Cerita Cinta Manis Paundra

Bismillaah

Cerita Cinta Manis Paundra

A story by Sakura Sizuoka

Paundra mendesah. Napasnya terasa berat dan pelupuk matanya menjadi hangat. Buliran bening mengembang di sana. Sejujurnya, ini sangat berat bagi Paundra.

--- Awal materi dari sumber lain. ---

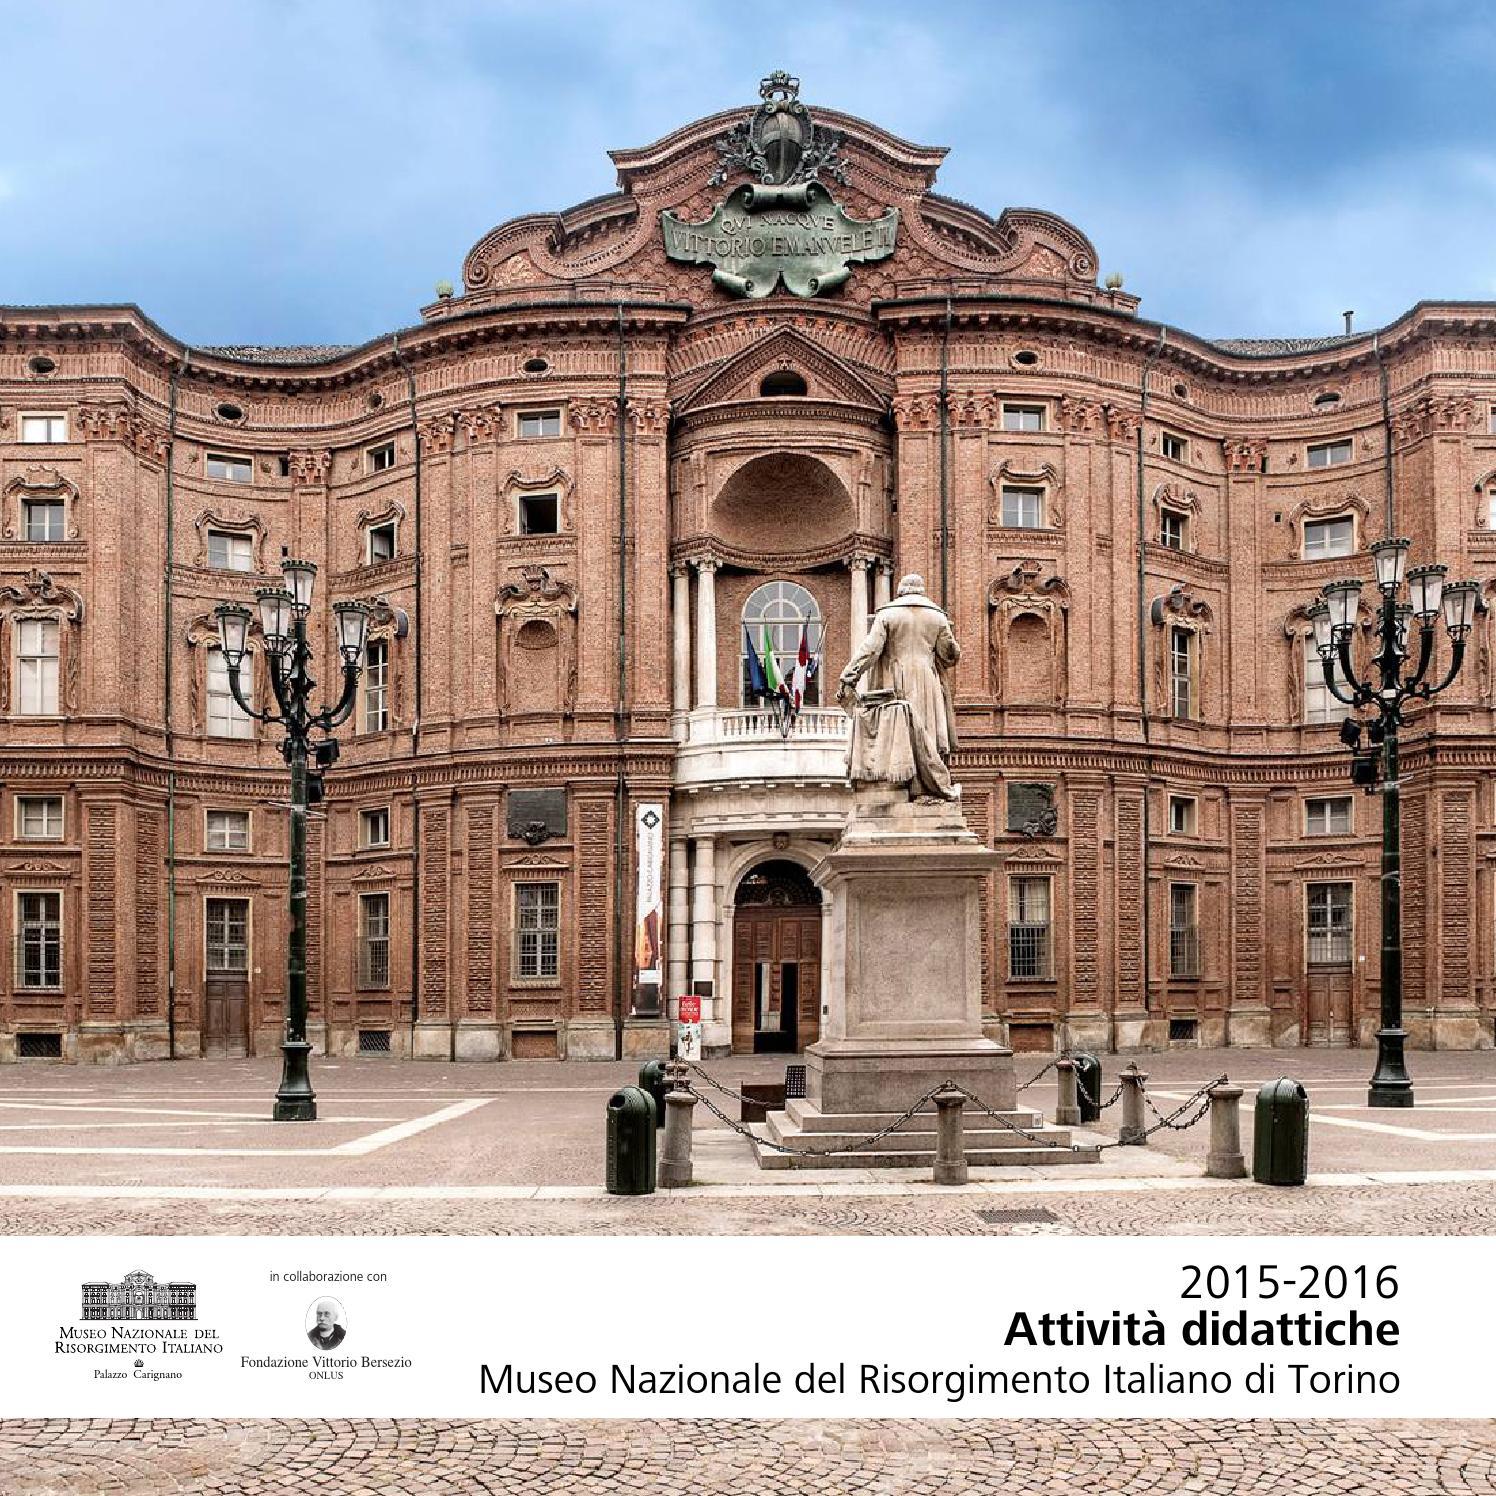 Museo Nazionale Del Risorgimento Italiano.Didattica 2015 16 Museo Nazionale Del Risorgimento Italiano Di

"Kenapa, Kak? Kenapa Kakak harus pergi? Kakak tahu, Paundra baru saja menyiapkan kado ulang tahun untuk Kakak," bisiknya sembari sekuat mungkin menahan buliran bening di pelupuk matanya itu agar tidak meluncur. Dipeluknya erat Puisi, guling Mickey Mouse kesayangannya. "Kakak tahu kan, Paundra sangat menyayangi Kakak? Kakak juga tahu kan, Paundra terima Kakak apa adanya. Bahkan, Paundra tidak peduli, bagaimana masa lalu Kakak. Paundra juga tidak peduli, bagaimana masa kini Kakak. Masa depan Kakak. Semua tentang Kakak. Paundra tulus mencintai Kakak," hatinya menjerit-jerit. Paundra luruh. Runtuh. Kini, bulir-bulir bening air matanya pun berjatuhan. Tangis itu kian sempurna. Deras. Bak hujan lebat di Bulan Desember.

Benaknya dipenuhi bayangan Kakak. Kakak yang sangat baik. Kakak yang sangat menyayanginya.

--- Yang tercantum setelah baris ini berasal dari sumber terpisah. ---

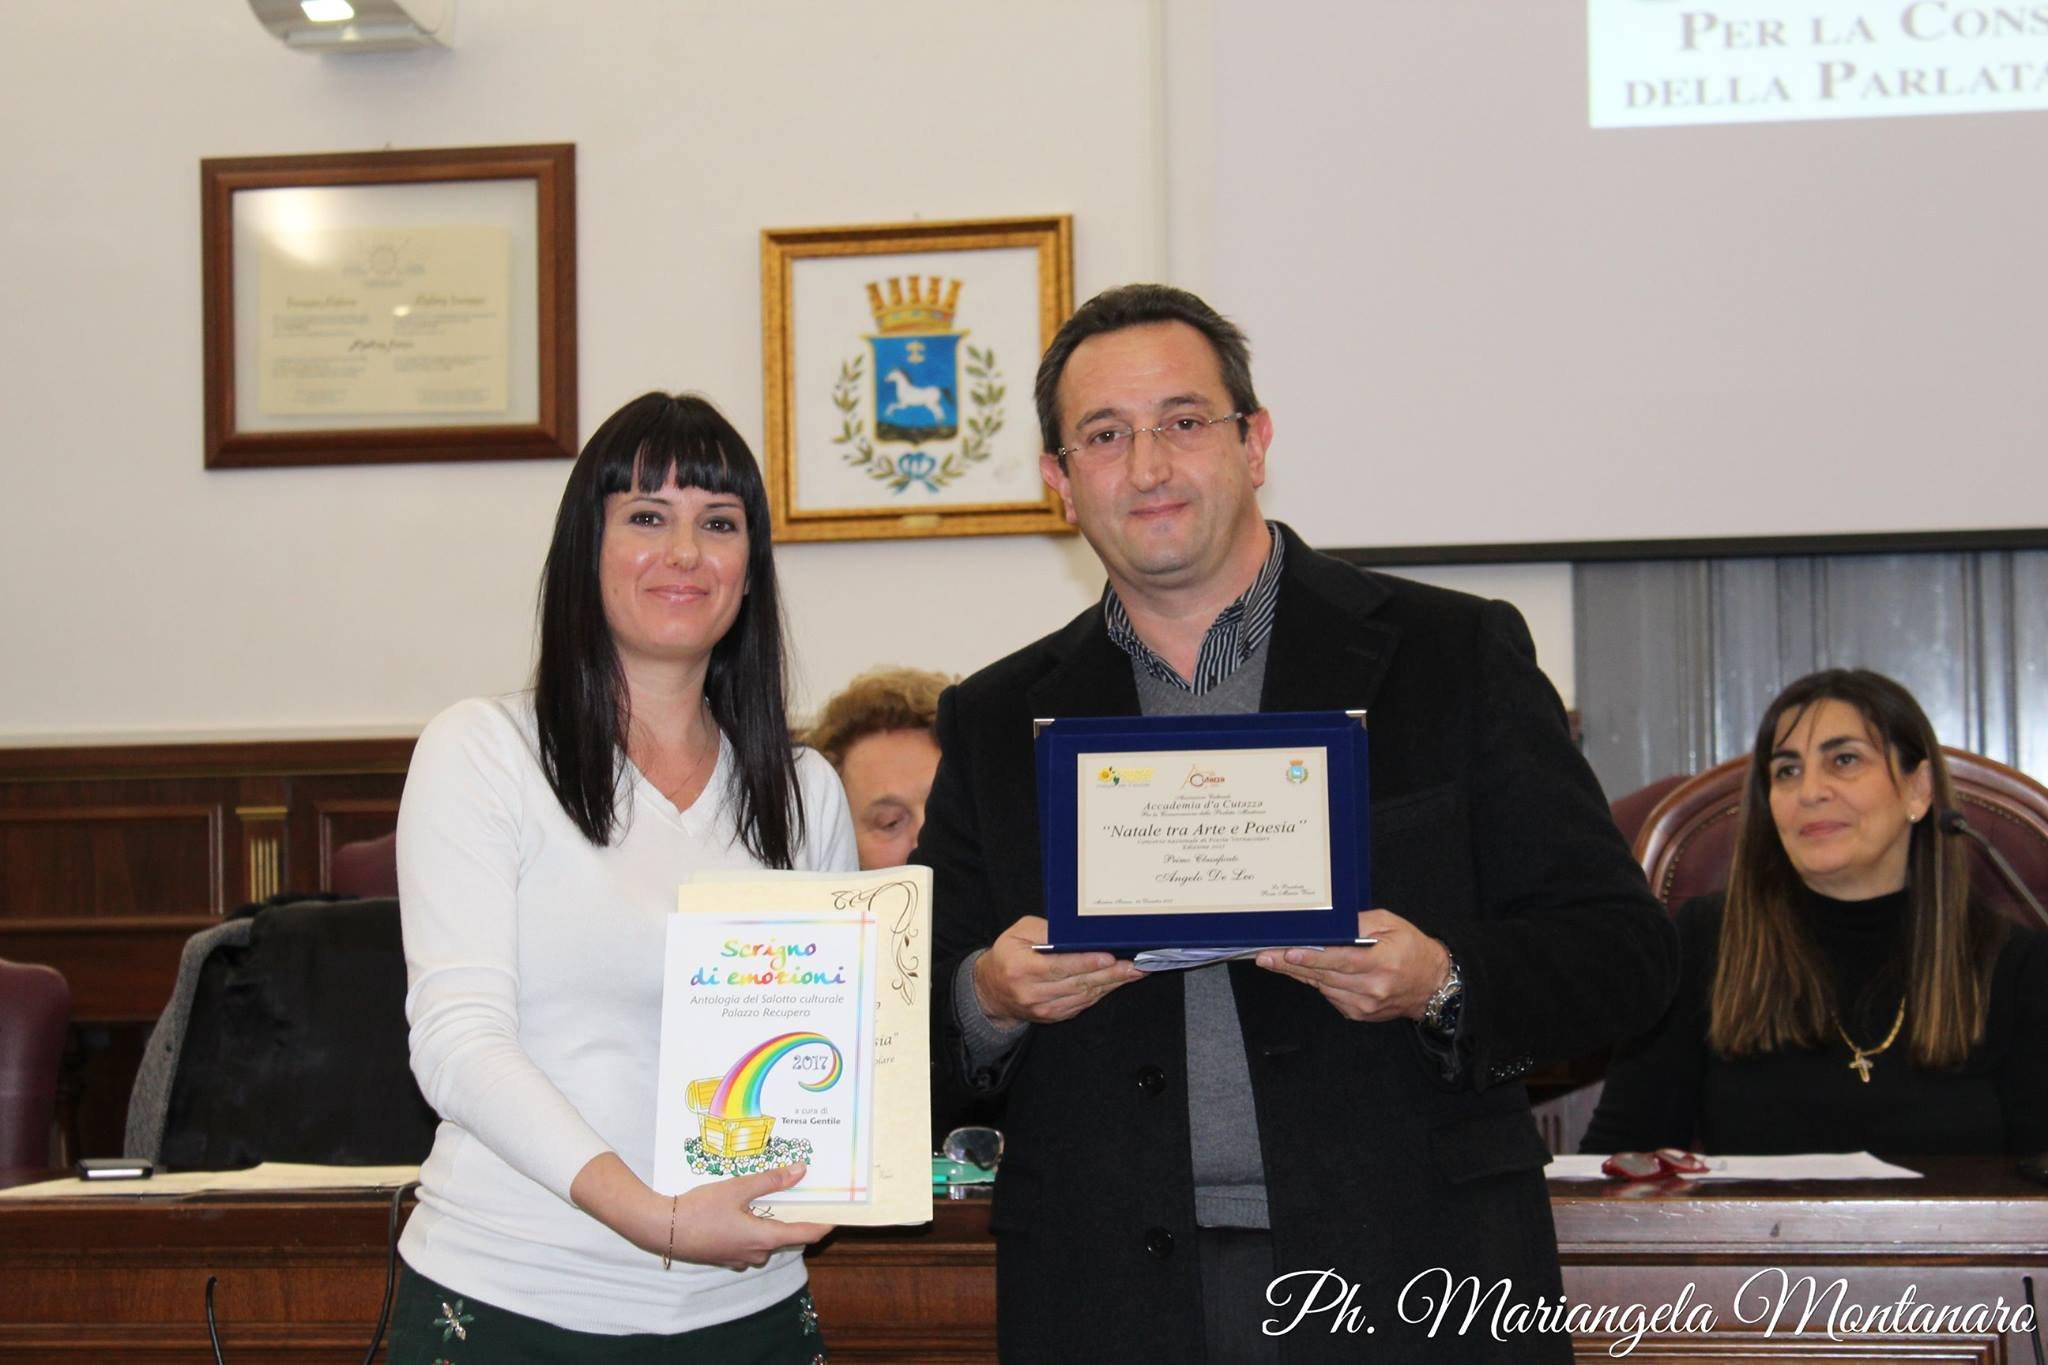 Il poeta Angelo Deleo primo classificato al concorso nazionale di poesia a Martina Franca

"Sayang? Kakak sayang sama Paundra? Kalau Kakak sayang sama Paundra, kenapa Kakak memilih untuk pergi? Meninggalkan Paundra seperti ini ...," Paundra menyeka air matanya. Sakit menggerogoti hatinya. Menggigitinya hingga berdarah.

"Oke, oke. Paundra tidak apa-apa kok. Kalau Kakak mau pergi, silakan saja. Paundra is O.K!" Paundra bangkit dari tempat tidurnya, melemparkan Puisi ke lantai dan berjalan perlahan menuju kaca cermin yang terpasang di lemari pakaiannya. Paundra berdiri di sana, lama. Memandangi bayangan dirinya di cermin.

Paundra terhanyut. Terseret-seret arus kenangan yang tersimpan dengan rapih di hatinya.

"Mawar Merah," Kakak mendekati Paundra yang sedang sibuk mengerjakan tugas antropologi.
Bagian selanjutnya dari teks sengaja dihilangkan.